I nodded. "Yes, I tried to trace him, only to run into a dead-end IP routing address in Romania. It's going to be difficult to officially track him down and follow up. Particularly since I have to abide by Guild rules. Naturally, I'd never reveal the identity of a fellow sin-seer to others outside the craft. That's a given. Still, we are talking about murder here."
"Which makes this a difficult situation for you. If, however, we are truly dealing with a renegade seer, we may be obliged to take matters into our own hands. What is the expression . . . 'clean up our own house'?"
"But how do you propose to do that? I question the wisdom of going in that direction. If it's our man, he's clearly very dangerous."
Gerd reached over and patted my arm. "Let me make some discreet inquiries, Peter. In the meantime, try not to fret. Everything will seem better in the morning, when the rain stops and the sun comes out." He smiled and stood up. "Would you fancy a game of chess? That will help take your mind off these . . . distasteful subjects."
****
I left Vanderhout's residence late. The rain had stopped and a thick fog had drifted in to blanket the wet streets. As I drove ho
me, I noticed that I was being tailed. Probably Detective Henderson or one of his lackeys.
This business was getting complicated.
What was worse, I discovered that someone had entered my apartment and gone through my things while I was gone. It had been a subtle job, and I might not have even noticed it-except that I'm scrupulous about filing my data CDs. I noticed that a pair of them were out of order in my desk file drawer. Looking further, I found other small hints of intrusion.

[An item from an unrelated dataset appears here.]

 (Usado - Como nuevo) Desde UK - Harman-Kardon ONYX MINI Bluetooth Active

Henderson again, no doubt. I felt the heat rise behind my collar. The bastard! Who did he think he was dealing with?
Fortunately, there was no way he could've found any sensitive information on other sin-seers, even if he had scraped my computer's hard drive clean. Those data were safely stored where no one could find them without tearing the place down to its foundation. Still, I felt irate. I'd confront the son of a bitch in the morning and demand that he back off on me.

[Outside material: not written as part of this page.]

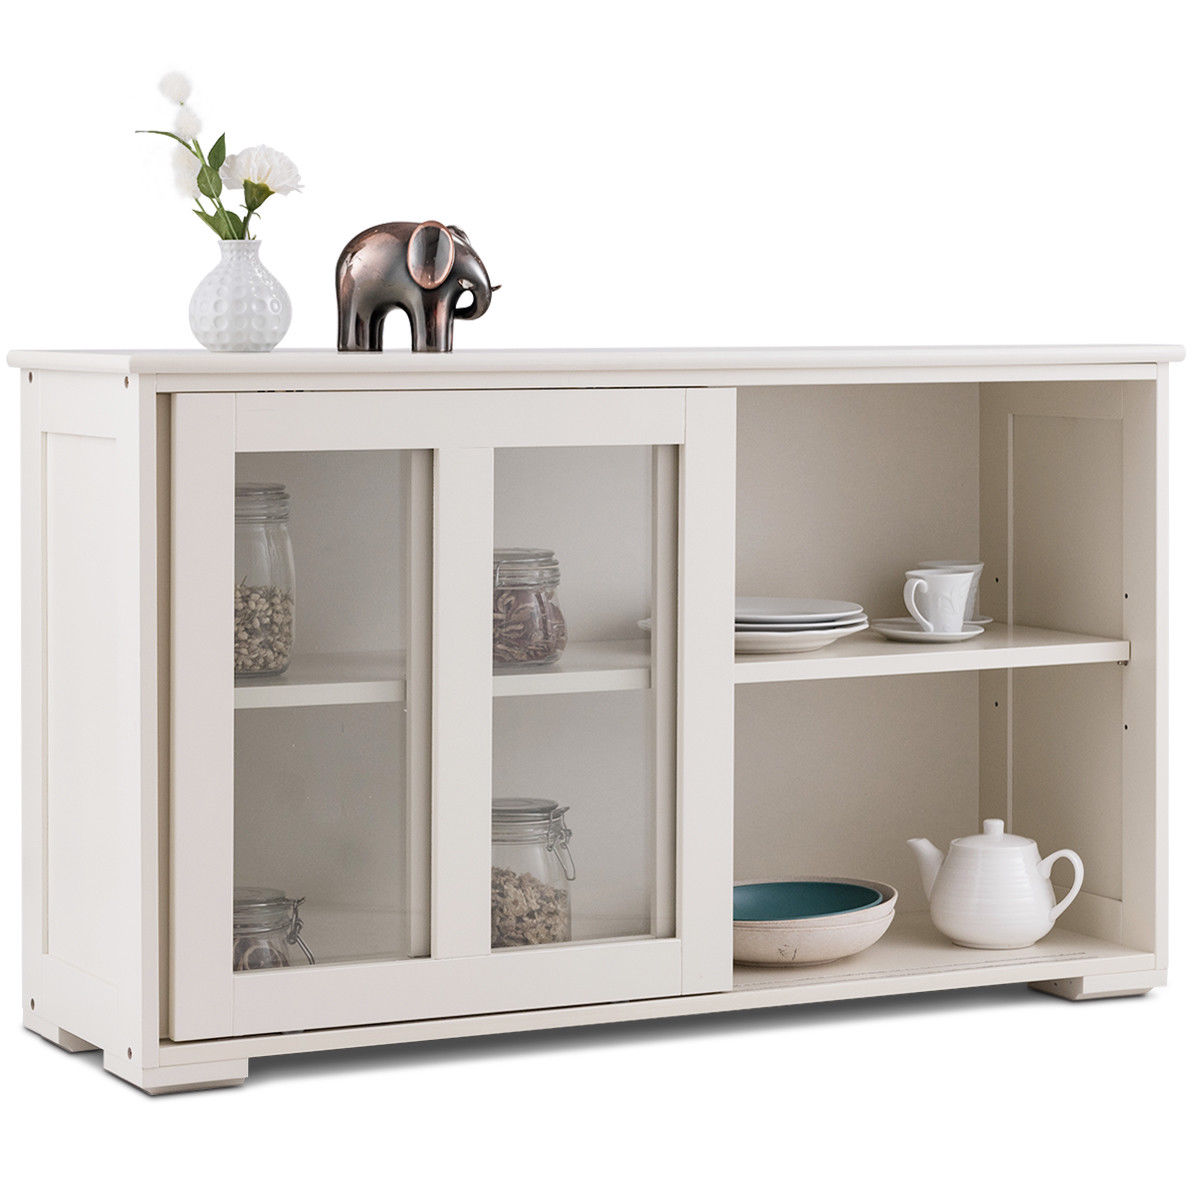 Costway Storage Cabinet Sideboard Buffet Cupboard Glass Sliding Door Pantry Kitchen New   - title=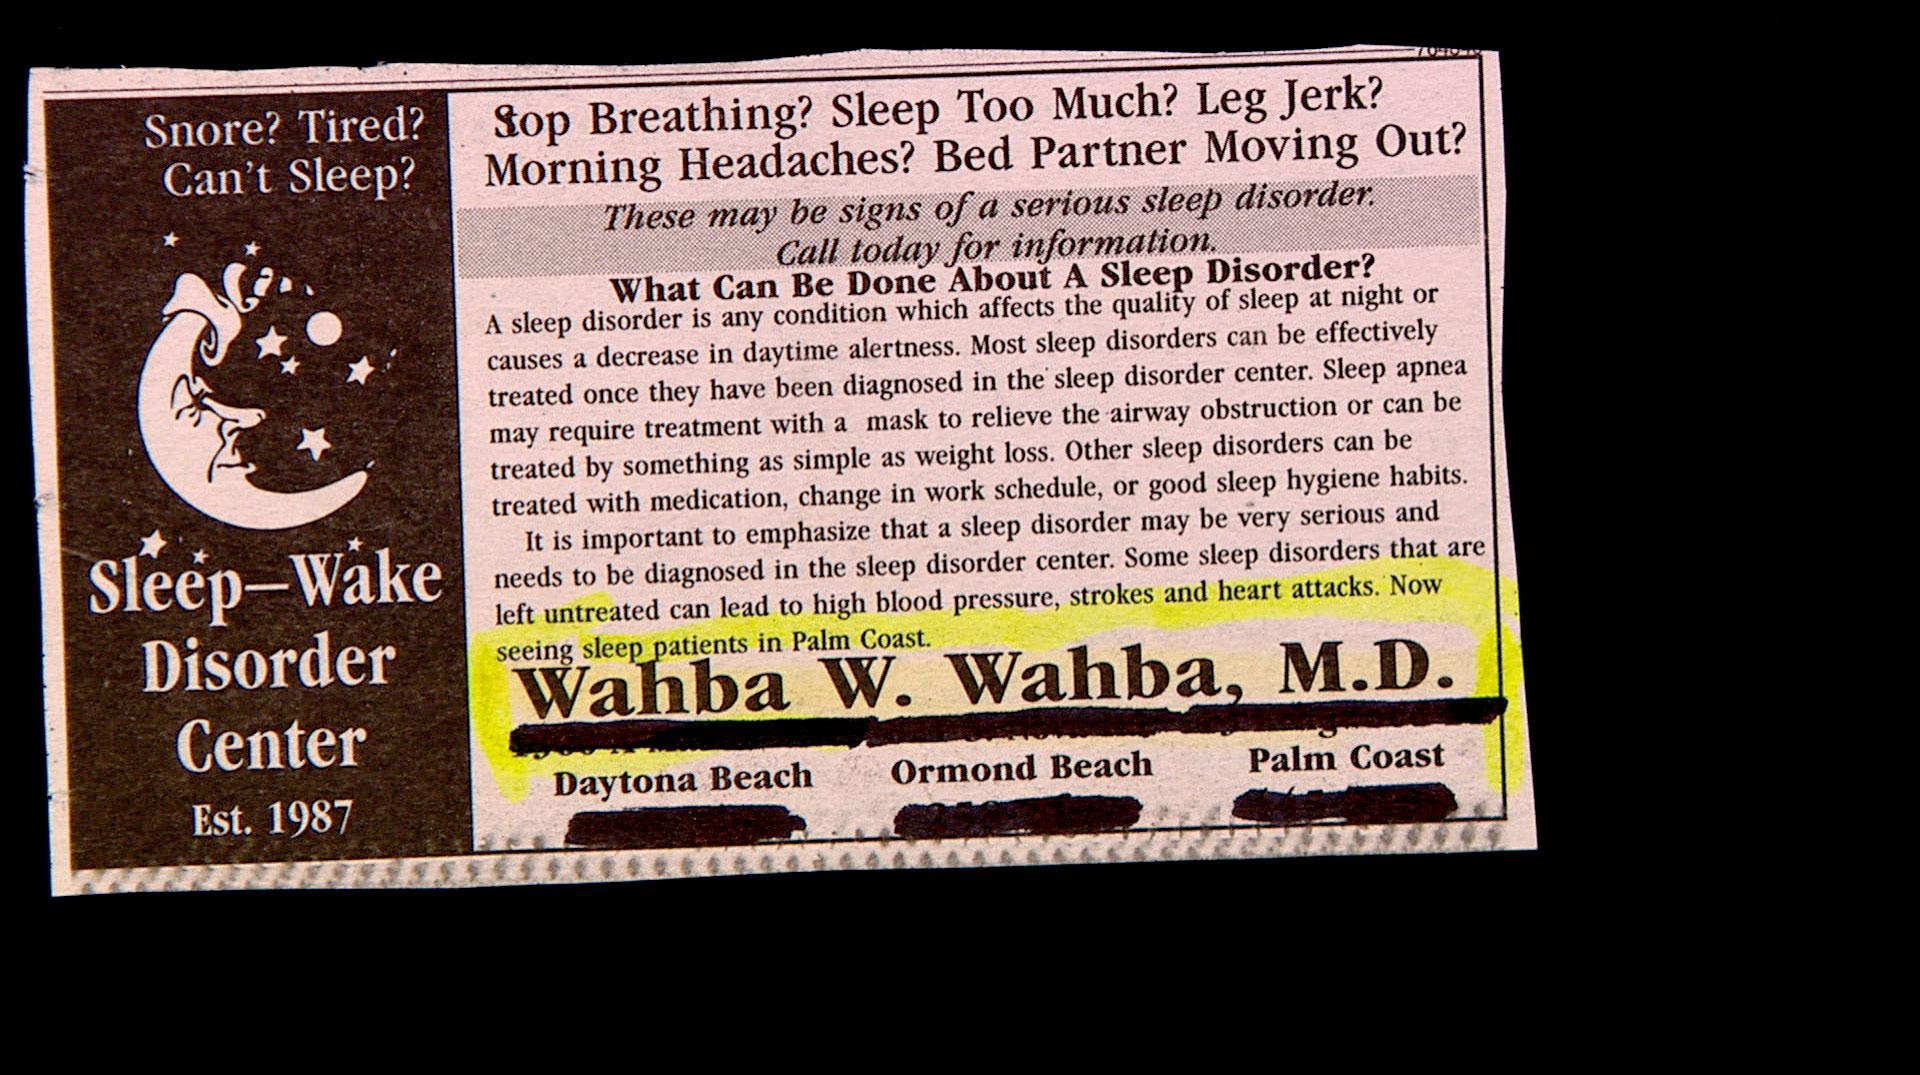 Dr. Wahba W. Wahba

Or maybe not. It wouldn't be wise for me to cut off my nose to spite my face. The fact was, I benefited greatly from my relationship with the police. By my consulting agreement, ownership of any sins I extracted from murder victims for identification transferred to me. And Lord knows I enjoyed a small but very tasty supplement to my regular consulting income when I sold the best of the little buggers on the open hamartiaphily auction markets.
I took a deep breath and calmed myself down. There was one good thing, at least: It didn't matter if Henderson knew about my relationship with Gerd Vanderhout. Gerd had never made any pretext of hiding his involvement in the craft. After all, it wasn't an illegal activity. He was above reproach. And, while he might be questioned in the matter, Gerd was under no legal obligation to cooperate. The courts had been clear on that.
Clear in more ways than one, actually. Physical sins couldn't be admitted as evidence in any court of law. Who but a few could even see them? And how could a judge objectively believe a person's claims to be able to do so? Likewise, any descriptions, classifications or analyses relating to the sins, even by persons known to be "expert seers," were inadmissible. One might as well admit court testimony from a palm reader, or a clairvoyant. We in the craft were fairly well-insulated from the law, and that included freedom from search warrants and court injunctions related to hamartiaphilic affairs.